What lines below contain the string "stock"? List them all.

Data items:
====
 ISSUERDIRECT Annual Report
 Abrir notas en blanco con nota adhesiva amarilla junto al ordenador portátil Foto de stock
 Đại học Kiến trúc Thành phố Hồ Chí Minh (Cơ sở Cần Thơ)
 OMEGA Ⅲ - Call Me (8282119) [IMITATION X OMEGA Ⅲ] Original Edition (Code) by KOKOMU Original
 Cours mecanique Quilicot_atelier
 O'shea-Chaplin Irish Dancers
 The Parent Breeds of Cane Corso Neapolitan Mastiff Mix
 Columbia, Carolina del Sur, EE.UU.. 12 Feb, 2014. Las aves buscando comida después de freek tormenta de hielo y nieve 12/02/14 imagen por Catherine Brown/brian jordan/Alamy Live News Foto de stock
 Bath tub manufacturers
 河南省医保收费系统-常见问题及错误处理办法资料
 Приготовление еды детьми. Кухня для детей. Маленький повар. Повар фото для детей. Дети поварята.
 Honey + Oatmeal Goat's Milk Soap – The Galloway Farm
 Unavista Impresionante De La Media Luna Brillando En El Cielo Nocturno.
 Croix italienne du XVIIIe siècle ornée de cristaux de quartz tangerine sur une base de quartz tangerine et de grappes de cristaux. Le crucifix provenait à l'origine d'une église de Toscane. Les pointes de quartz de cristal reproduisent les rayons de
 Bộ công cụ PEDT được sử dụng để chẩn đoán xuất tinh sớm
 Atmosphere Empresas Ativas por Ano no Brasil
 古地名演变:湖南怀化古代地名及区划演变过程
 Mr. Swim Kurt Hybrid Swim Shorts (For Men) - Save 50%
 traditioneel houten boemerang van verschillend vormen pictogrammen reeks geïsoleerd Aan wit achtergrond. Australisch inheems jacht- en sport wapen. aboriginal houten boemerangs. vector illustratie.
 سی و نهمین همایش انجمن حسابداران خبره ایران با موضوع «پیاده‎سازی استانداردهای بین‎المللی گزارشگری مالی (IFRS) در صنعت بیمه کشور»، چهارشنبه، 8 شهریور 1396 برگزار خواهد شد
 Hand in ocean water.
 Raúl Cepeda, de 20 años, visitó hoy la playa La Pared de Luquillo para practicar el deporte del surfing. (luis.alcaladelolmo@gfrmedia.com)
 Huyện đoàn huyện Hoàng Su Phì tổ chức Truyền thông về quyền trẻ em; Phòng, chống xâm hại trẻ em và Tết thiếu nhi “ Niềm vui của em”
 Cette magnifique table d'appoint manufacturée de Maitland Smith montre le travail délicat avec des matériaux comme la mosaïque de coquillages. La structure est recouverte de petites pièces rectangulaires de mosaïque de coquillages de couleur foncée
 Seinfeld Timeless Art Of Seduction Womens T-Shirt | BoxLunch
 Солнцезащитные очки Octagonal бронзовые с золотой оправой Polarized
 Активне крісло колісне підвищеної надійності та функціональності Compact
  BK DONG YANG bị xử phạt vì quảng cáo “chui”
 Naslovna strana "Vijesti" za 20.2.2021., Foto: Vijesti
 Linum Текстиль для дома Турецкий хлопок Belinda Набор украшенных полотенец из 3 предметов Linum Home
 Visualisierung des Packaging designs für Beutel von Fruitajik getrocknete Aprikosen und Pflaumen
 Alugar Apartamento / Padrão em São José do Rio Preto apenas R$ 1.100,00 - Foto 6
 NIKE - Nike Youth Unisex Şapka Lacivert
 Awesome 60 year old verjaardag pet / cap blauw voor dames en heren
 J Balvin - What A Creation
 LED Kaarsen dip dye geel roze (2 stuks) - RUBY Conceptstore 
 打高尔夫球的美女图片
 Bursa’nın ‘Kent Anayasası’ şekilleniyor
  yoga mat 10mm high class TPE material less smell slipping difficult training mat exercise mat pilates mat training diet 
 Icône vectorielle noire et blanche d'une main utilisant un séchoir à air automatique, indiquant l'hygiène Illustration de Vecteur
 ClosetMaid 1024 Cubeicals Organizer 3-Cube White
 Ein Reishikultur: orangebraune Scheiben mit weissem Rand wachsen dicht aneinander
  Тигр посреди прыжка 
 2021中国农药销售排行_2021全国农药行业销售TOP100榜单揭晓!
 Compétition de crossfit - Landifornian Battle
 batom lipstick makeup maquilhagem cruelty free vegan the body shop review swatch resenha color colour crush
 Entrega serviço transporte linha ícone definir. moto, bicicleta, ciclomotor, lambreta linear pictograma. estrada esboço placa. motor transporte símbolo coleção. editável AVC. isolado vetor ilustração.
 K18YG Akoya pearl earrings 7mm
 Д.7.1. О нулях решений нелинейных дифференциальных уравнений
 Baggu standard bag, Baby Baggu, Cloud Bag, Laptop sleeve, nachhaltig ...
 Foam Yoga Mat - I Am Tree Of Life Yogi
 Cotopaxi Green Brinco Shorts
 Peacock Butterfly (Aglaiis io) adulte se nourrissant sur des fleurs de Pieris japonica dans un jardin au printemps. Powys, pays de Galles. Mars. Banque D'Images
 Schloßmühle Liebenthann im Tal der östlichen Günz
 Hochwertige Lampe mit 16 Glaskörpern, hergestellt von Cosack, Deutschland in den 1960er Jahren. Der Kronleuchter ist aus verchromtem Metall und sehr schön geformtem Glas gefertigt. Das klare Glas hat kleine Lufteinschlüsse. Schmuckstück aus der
====
▸ **EXERCISE ANSWER**
 Abrir notas en blanco con nota adhesiva amarilla junto al ordenador portátil Foto de stock
 Columbia, Carolina del Sur, EE.UU.. 12 Feb, 2014. Las aves buscando comida después de freek tormenta de hielo y nieve 12/02/14 imagen por Catherine Brown/brian jordan/Alamy Live News Foto de stock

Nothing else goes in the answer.